If the reverse unit is now locked in neutral that will cause the hum with no movement.
It is also possible one or more of the 4 copper fingers in the reverse unit are worn and not making proper contact with the drum.


----------



## flyernut (Oct 31, 2010)

Between you and me and the rest of the world, RFG prices are way too expensive. I haven't bought from them in years. My first stop to buy parts is Jeff Kane at the Train Tender, in Bloomfield, NY.. My second stop would be PortLines, the owner being Doug Peck... As far as springs go, I buy them in bulk as well as the brushes from Jeff Kane..Whenever I work on a e-unit, I always bend the fingers before installing.


----------



## hcopter51 (Aug 29, 2018)

flyernut said:


> Between you and me and the rest of the world, RFG prices are way too expensive. I haven't bought from them in years. My first stop to buy parts is Jeff Kane at the Train Tender, in Bloomfield, NY.. My second stop would be PortLines, the owner being Doug Peck... As far as springs go, I buy them in bulk as well as the brushes from Jeff Kane..Whenever I work on a e-unit, I always bend the fingers before installing.


Thanks guys, I found the spring....It was tangled up with the other one, Ha....Looks like where one wire enters at the side of the coil that sits behind the commutator has broken....I am starting to believe that it would be cheaper to get another 300 and just use mine for learning and parts....Thanks to all.....:appl:


----------



## mopac (Feb 24, 2011)

Are you talking about the field coil? The one the armature goes through? If so you can unwind the coil and rewind it. I had a broken coil wire on my 282. Of coarse it was the wire that went to bottom of coil. If that is the one you will have to unwind all the wire.
Fix the end that is broken and rewind it. You will not be able to rewind it as neatly as AF did. I ended up having to cut at least 10 feet of the wire. I had put all of it back on but coil was too thick and did not let armature spin. You just unwind enough wire to let
armature to spin freely. Even with all the wire cut off my motor runs great. I am not sure that is the wire that is broke on yours.

For some reason that coil wire break is pretty common. You can fix it.


----------



## hcopter51 (Aug 29, 2018)

Hi mopac….Yes, that's the one....So that's what that is eh?
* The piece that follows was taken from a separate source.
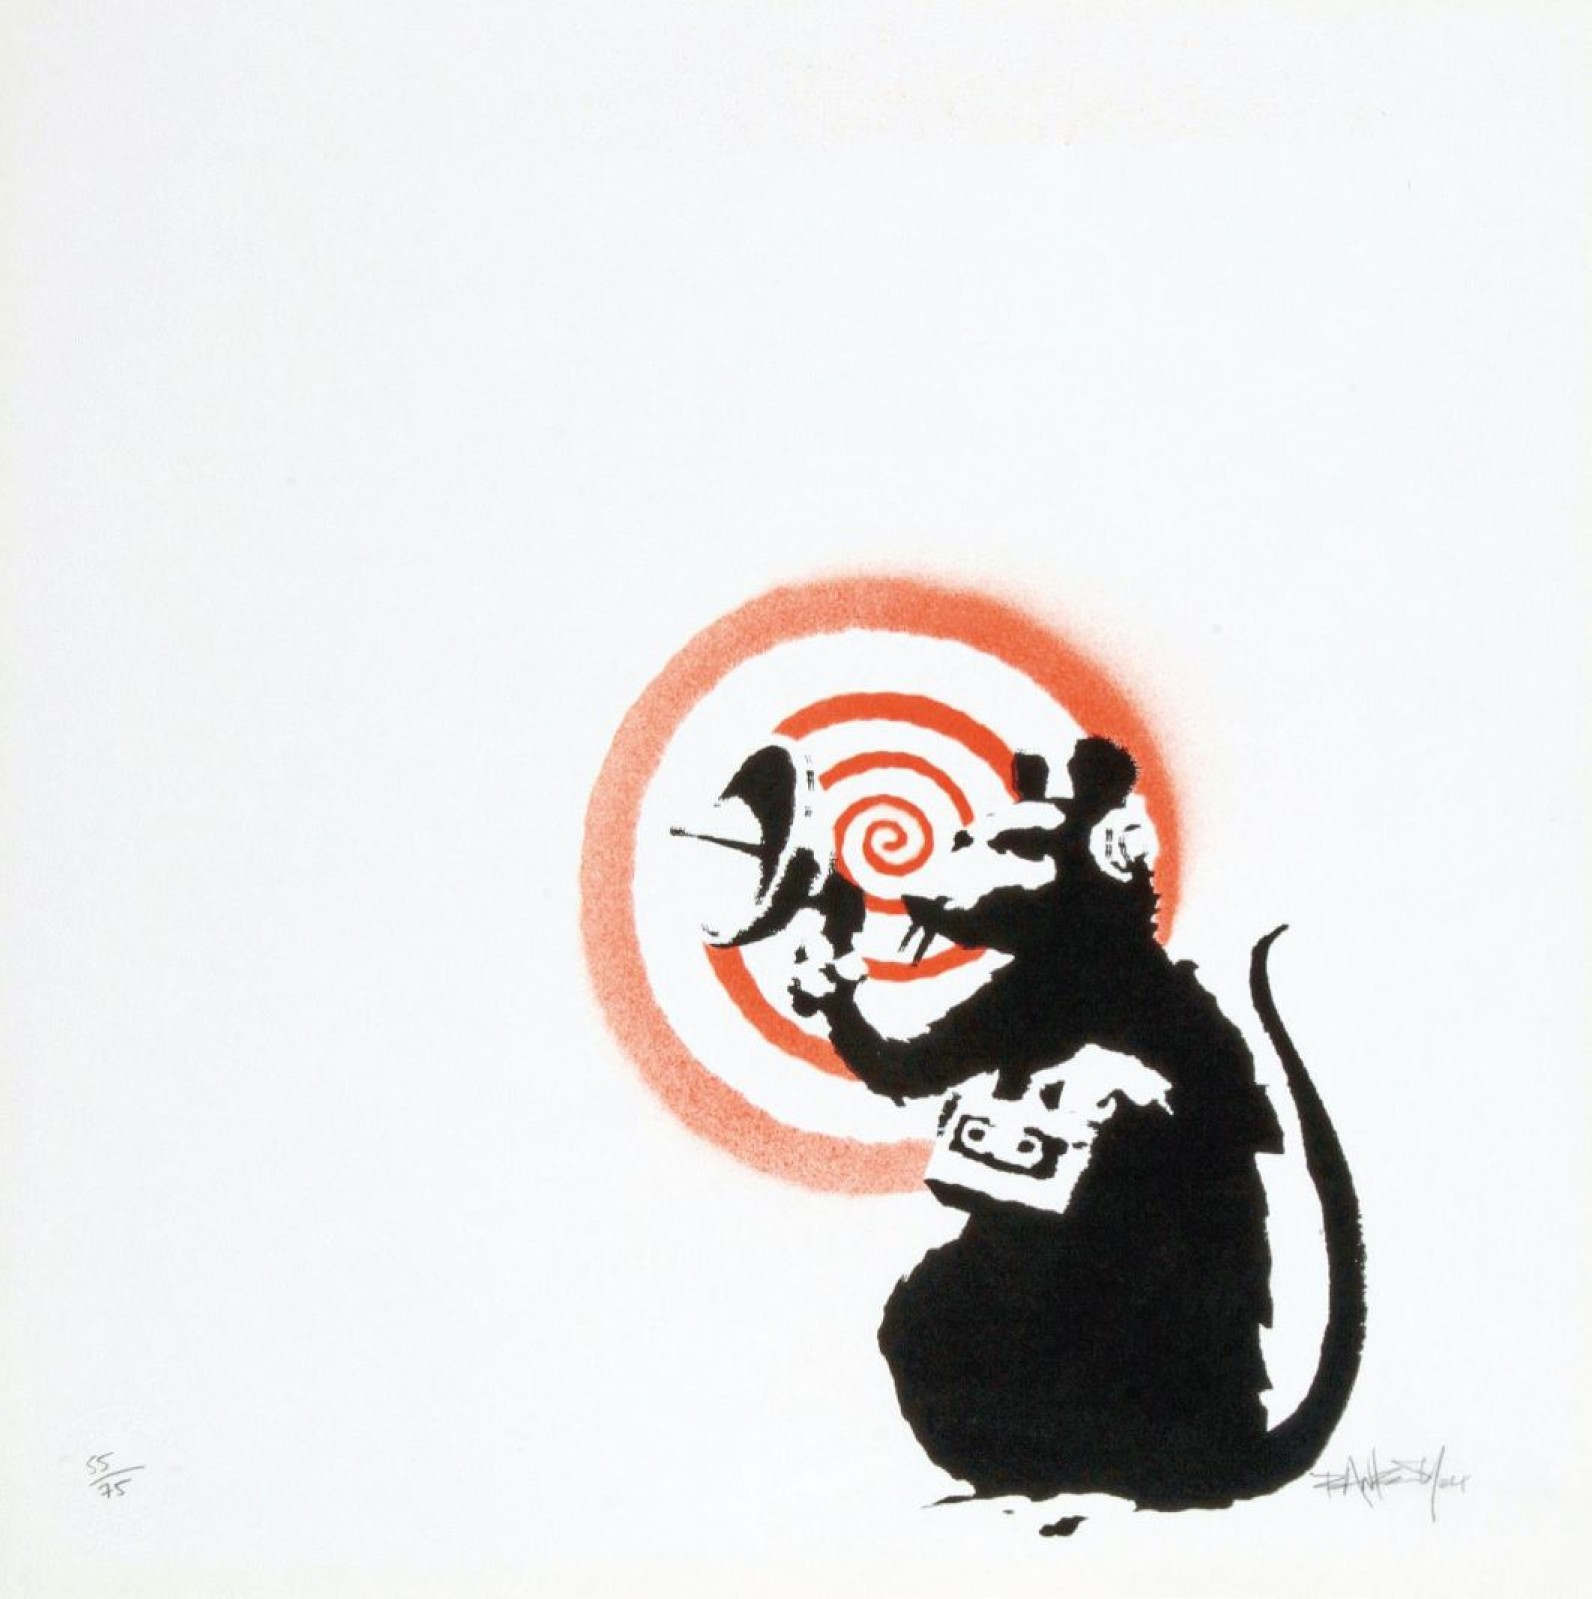 Banksy-Radar Rat-2004

Ha ! Now I know something else....this is one of the two on top of the coil....I do not have the patience to wind a coil...It seems that when I put the housing back on with the two long screws it binds the armature....I think I will just do as I said earlier, get another and just use this one for parts and as a learning experience as I have learned a lot already....Is it possible I have the commutator installed wrong too? Thanks


----------